Suppose a drunk driver going south swerves onto the wrong side of the road and kills me in a head-on collision. (Keeping to one's side of the road is a life-and-death argument for multi-agent coordination!) This event has non-zero probability of occurring before my dinner time. But for the purposes of  Eq. 1, how long would the event of my death delay my dinner? Because I never get dinner, arguably the delay \(d(\textrm{my death})\) is infinite. But even one infinite delay paired with any non-zero probability means that the expected time until my dinner is also infinite. If I claim that the 'real answer' is always infinity, then I lose the ability to make judgements based on my calculations; the expected time until dinner is the same if I drive home at 10 kilometers per hour over the speed limit or if I stop to take a nap in a nearby paddock.

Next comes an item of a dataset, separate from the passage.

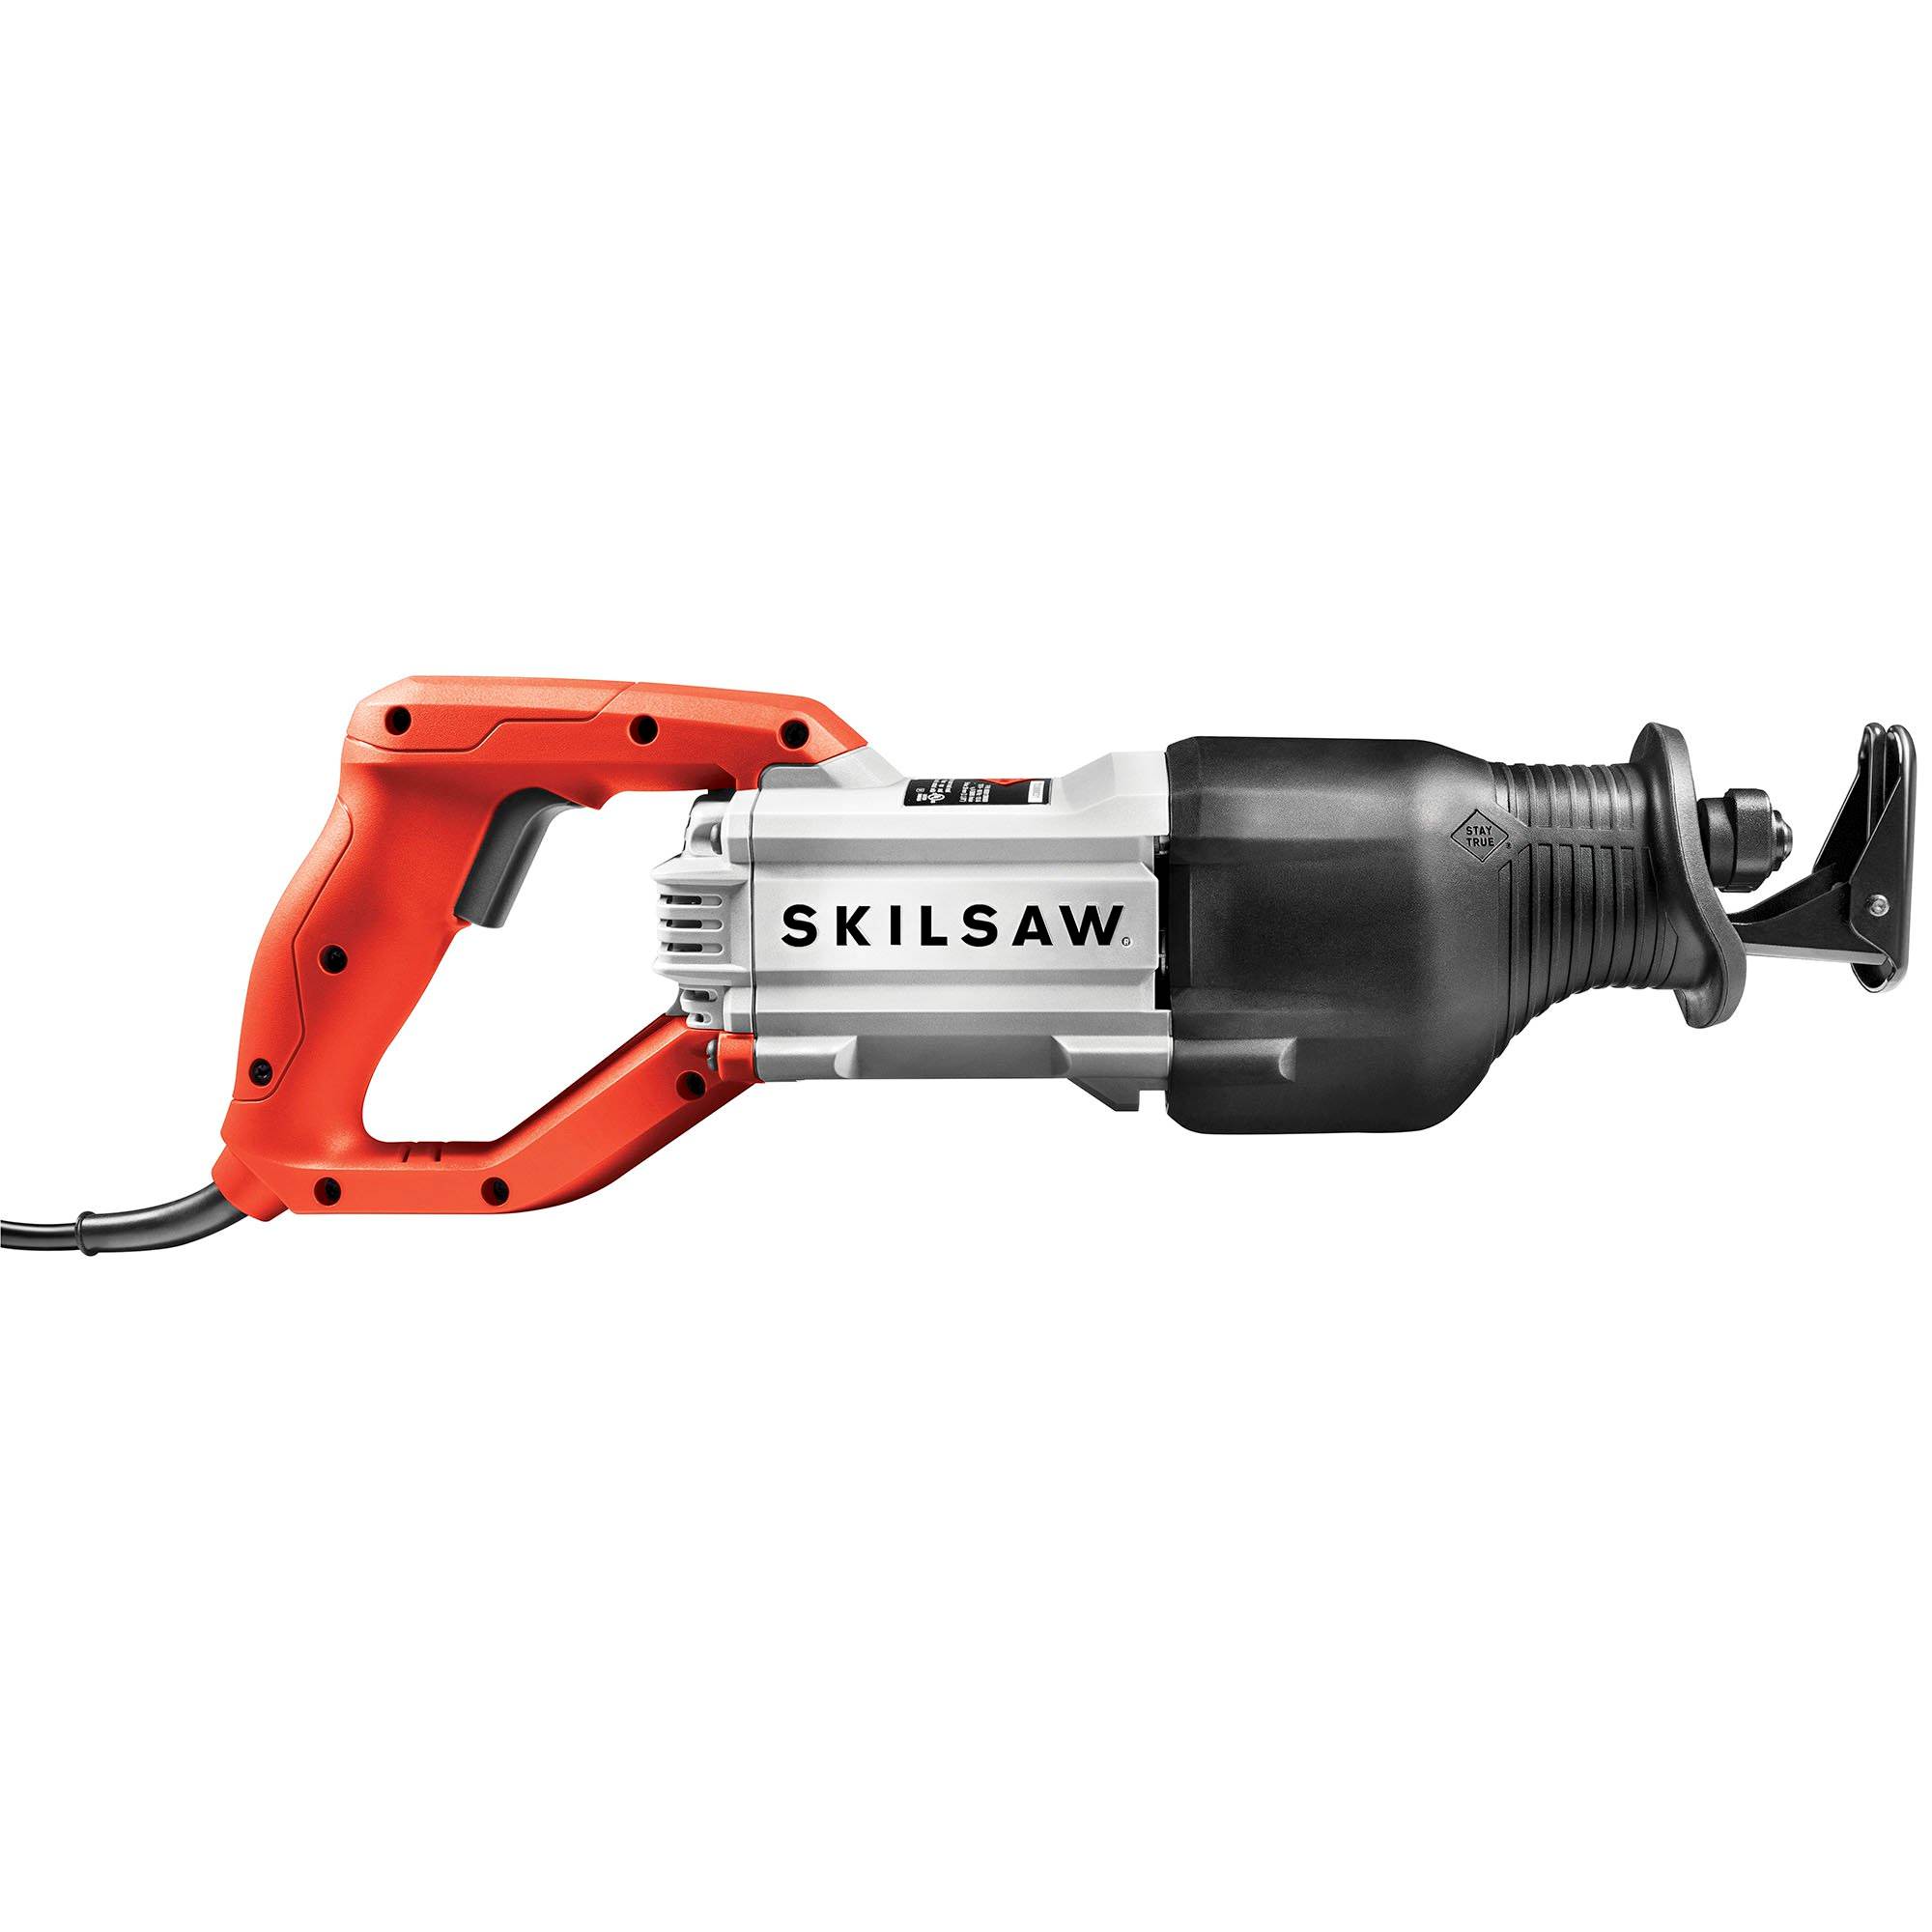 SKILSAW 13-Amp Reciprocating Saw with Buzzkill Technology, SPT44A-00 - image 1 of 8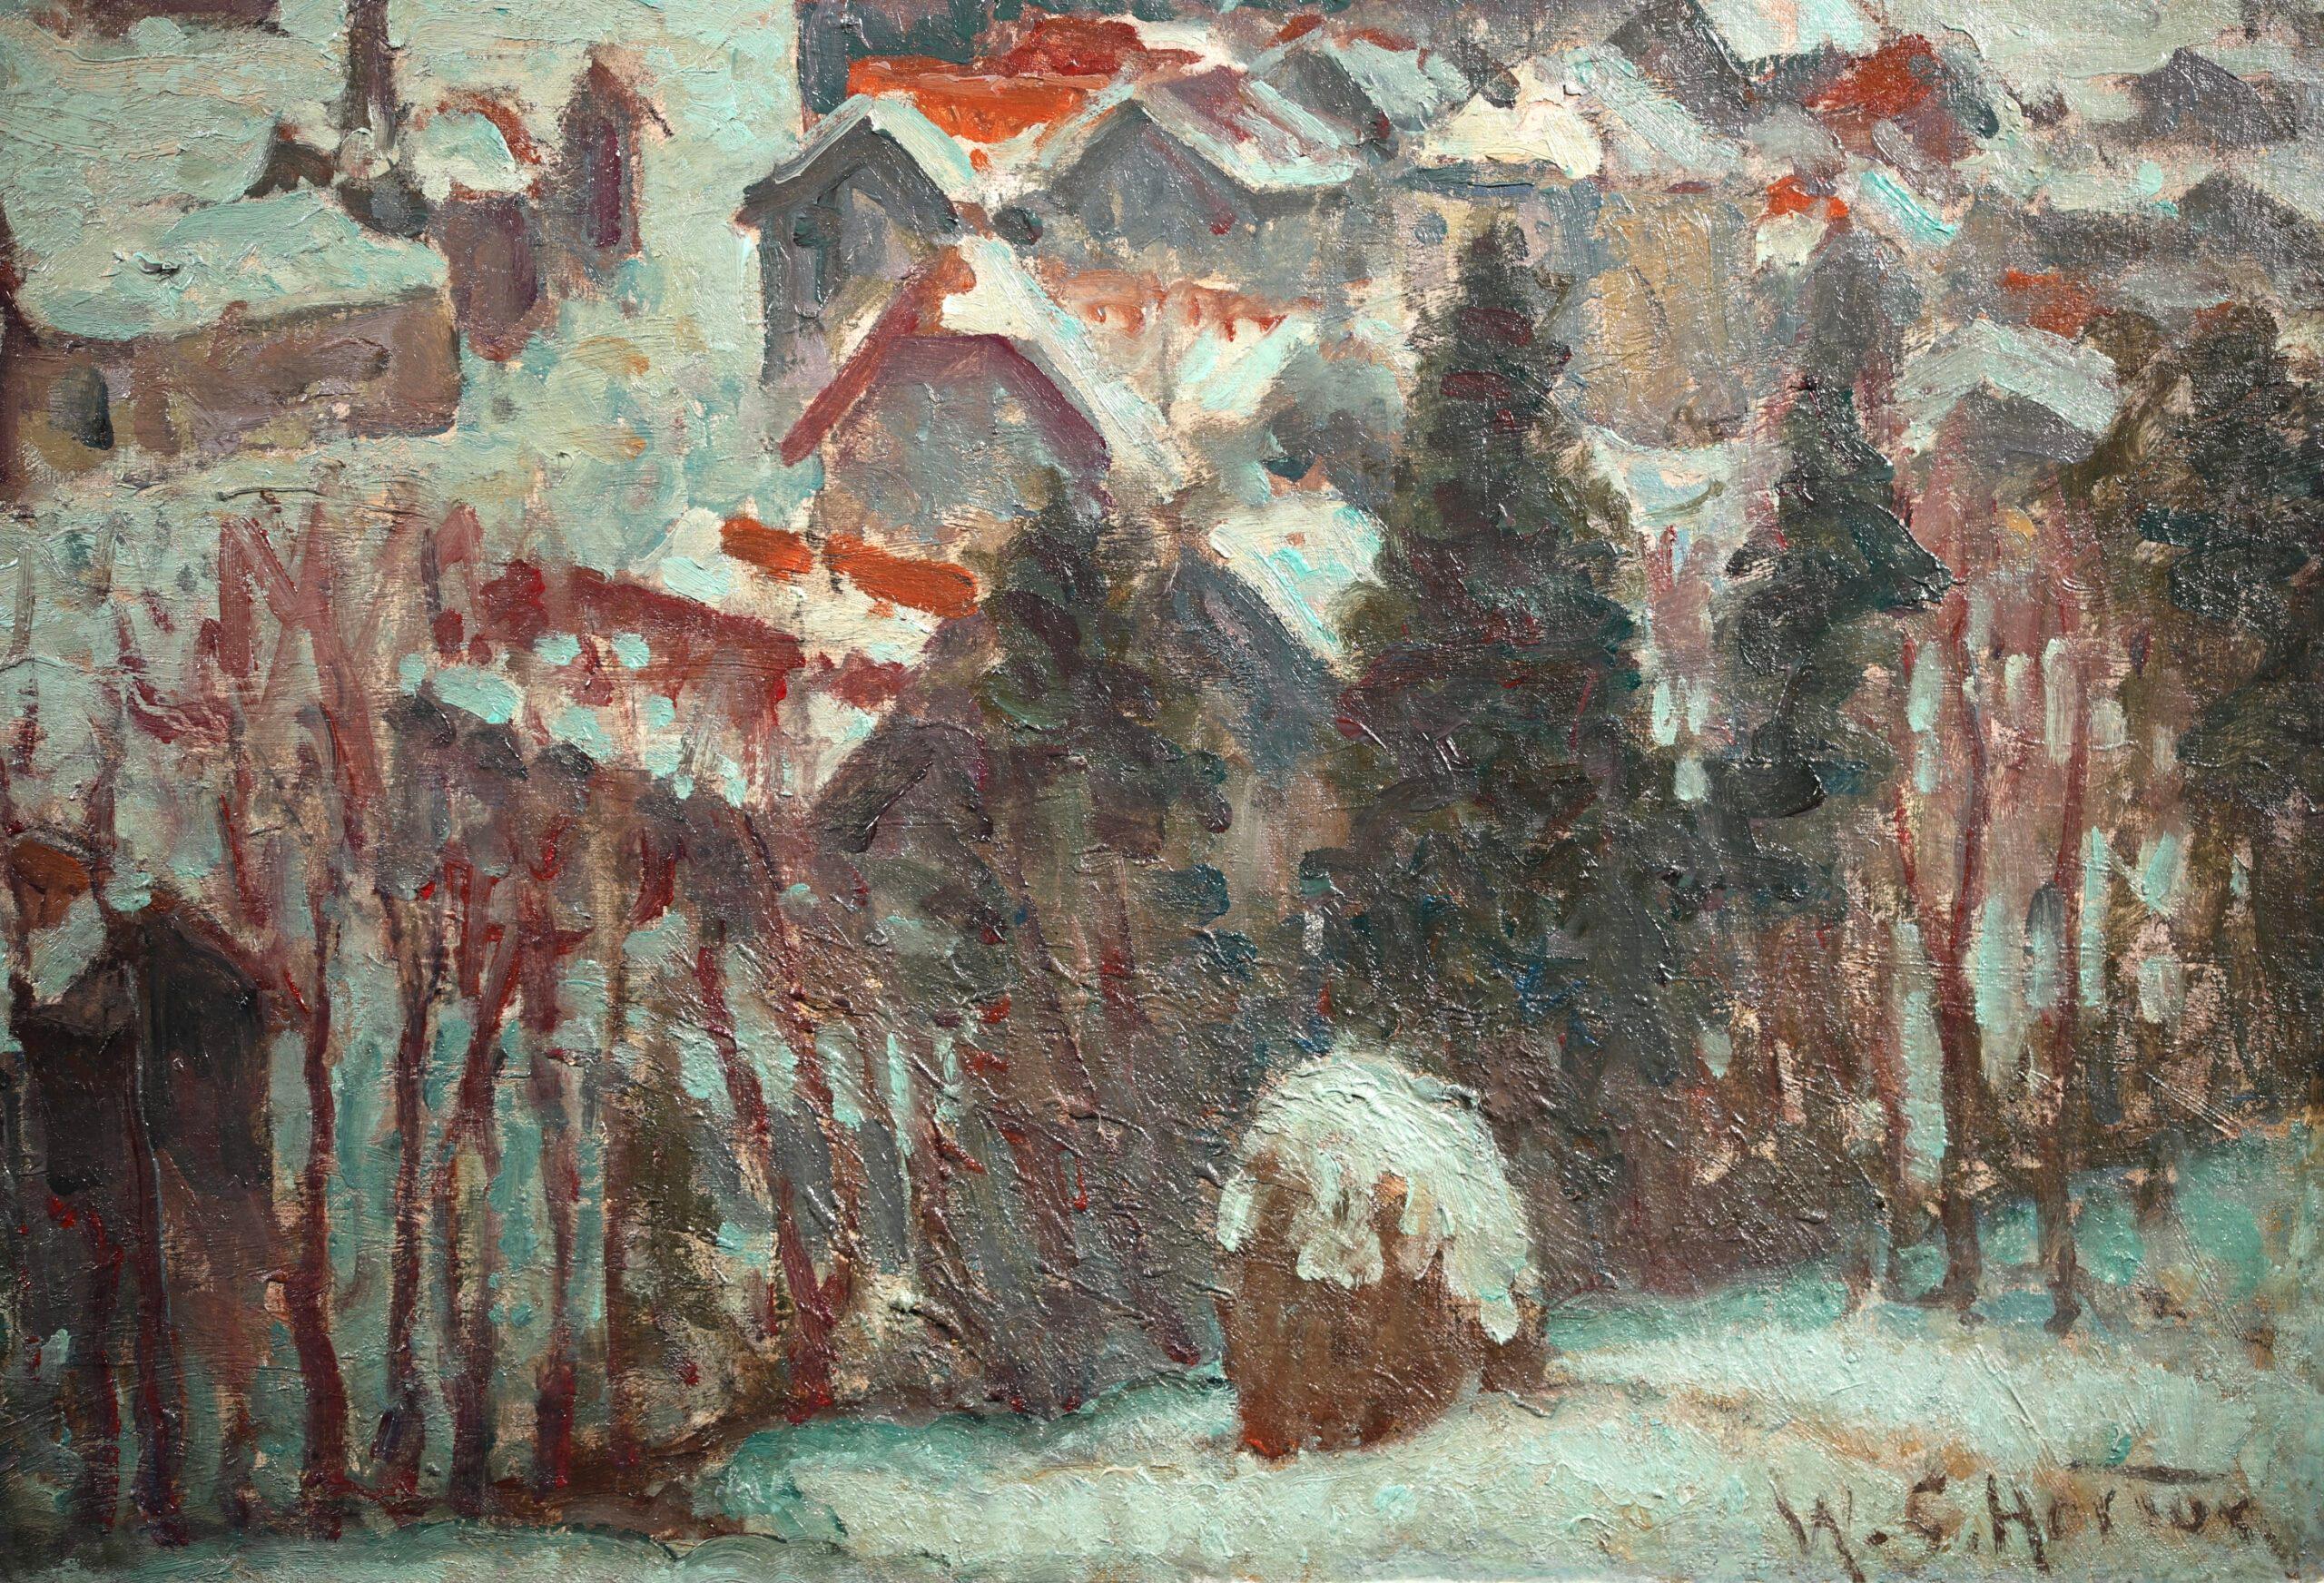 Winter Snow - Gstaad - Impressionist Landscape Oil by William Samuel Horton For Sale 7

Instead of assigning \(d(\textrm{my death}) = \infty\) maybe I could say that dinner is delayed only up until the point of my death; that would mean that I am effectively computing the expected time until dinner or my death, whichever comes first. That seems like a reasonable way to resolve the problem of an infinity in the equation and it will produce finite answers because I am sure to die eventually, notwithstanding events that could prevent my death, such as the return of Christ (The Bible, Matthew 24:31) or a technology singularity. However, the technology singularity is another thing to ponder in conjunction with the mathematical difficulties surrounding infinity and the probability of Christ's return before dinner or before my otherwise certain death is theologically guaranteed to be uncomputable: 'concerning that day and hour no one knows' (Matthew 24:36, ESV).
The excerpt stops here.